Most modern development processes can be vaguely described as agile. Other methodologies include waterfall, prototyping, iterative and incremental development, spiral development, rapid application development, and extreme programming.
Some people[who?] consider a life-cycle "model" a more general term for a category of methodologies and a software development "process" a more specific term to refer to a specific process chosen by a specific organization. For example, there are many specific software development processes that fit the spiral life-cycle model. The field is often considered a subset of the systems development life cycle.

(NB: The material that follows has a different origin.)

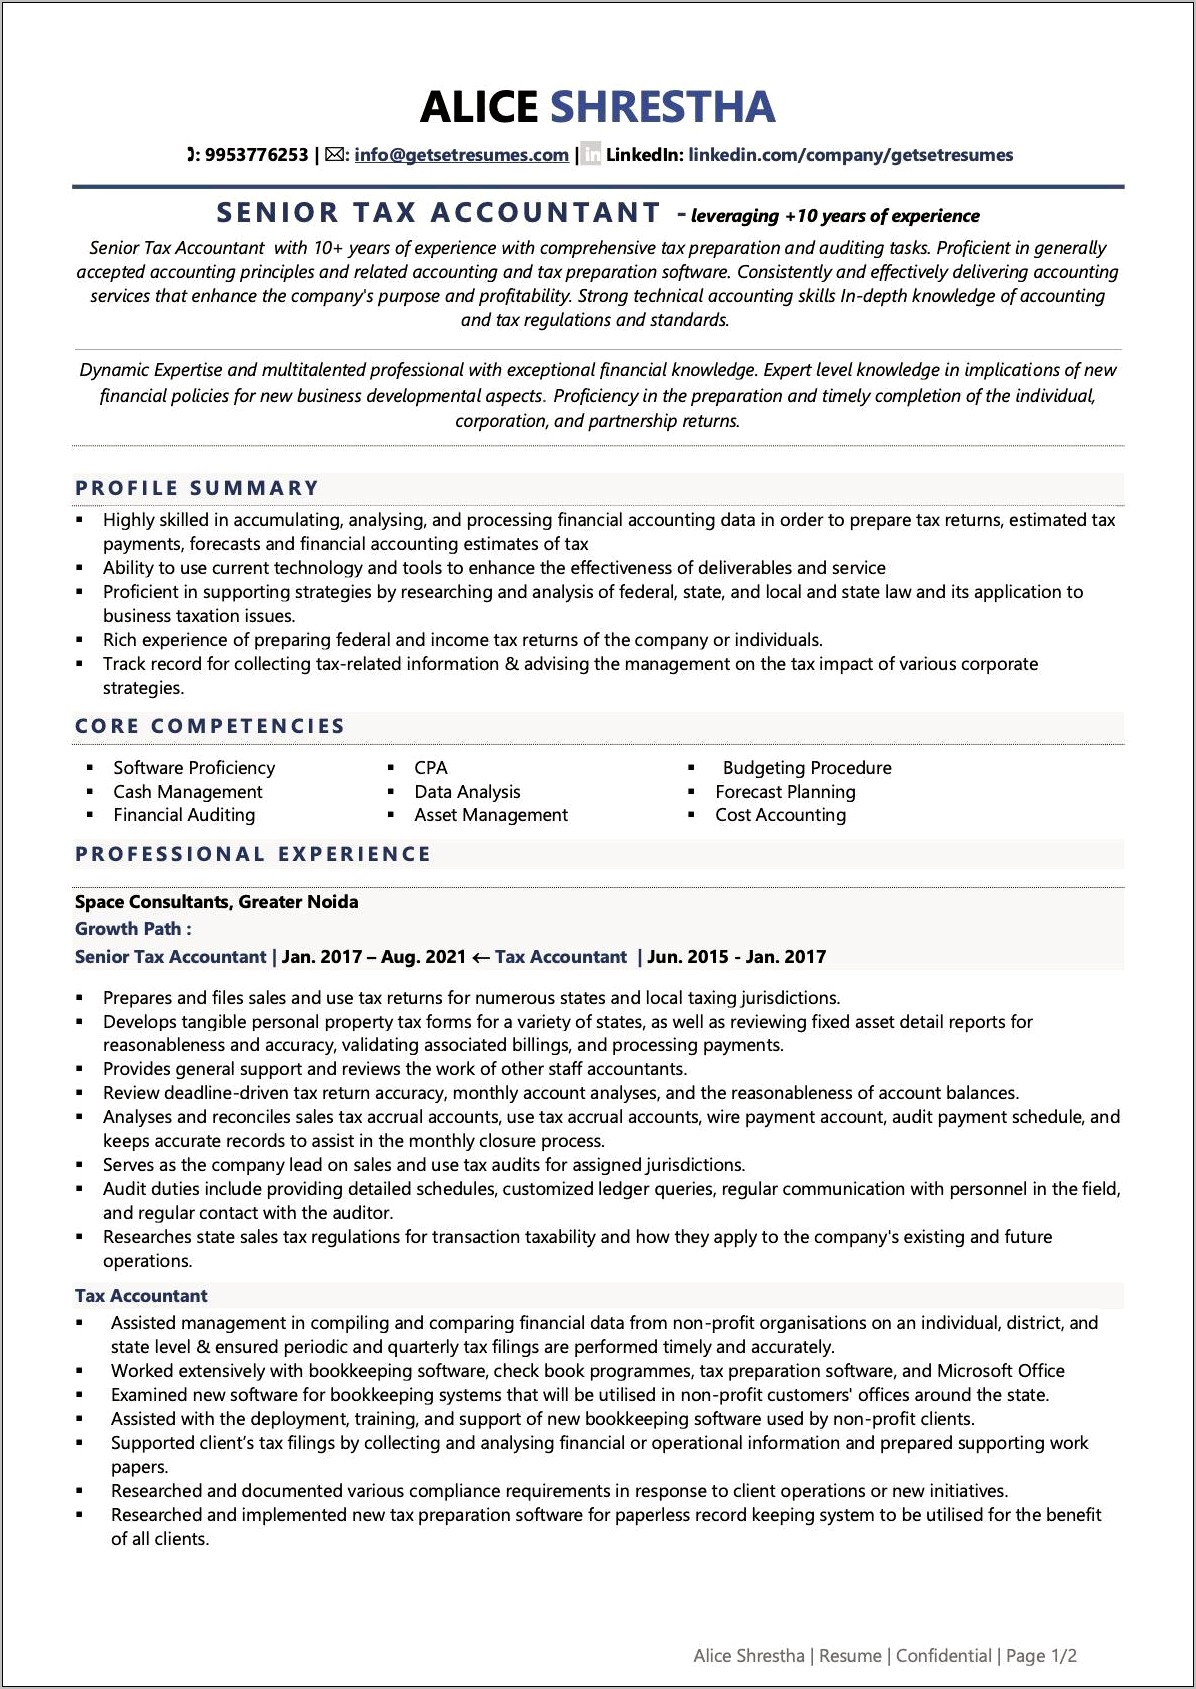 Resume Personal Skills For Accounting

The software development methodology (also known as SDM) framework didn't emerge until the 1960s. According to Elliott (2004) the systems development life cycle (SDLC) can be considered to be the oldest formalized methodology framework for building information systems. The main idea of the SDLC has been "to pursue the development of information systems in a very deliberate, structured and methodical way, requiring each stage of the life cycle––from inception of the idea to delivery of the final system––to be carried out rigidly and sequentially" within the context of the framework being applied. The main target of this methodology framework in the 1960s was "to develop large scale functional business systems in an age of large scale business conglomerates. Information systems activities revolved around heavy data processing and number crunching routines".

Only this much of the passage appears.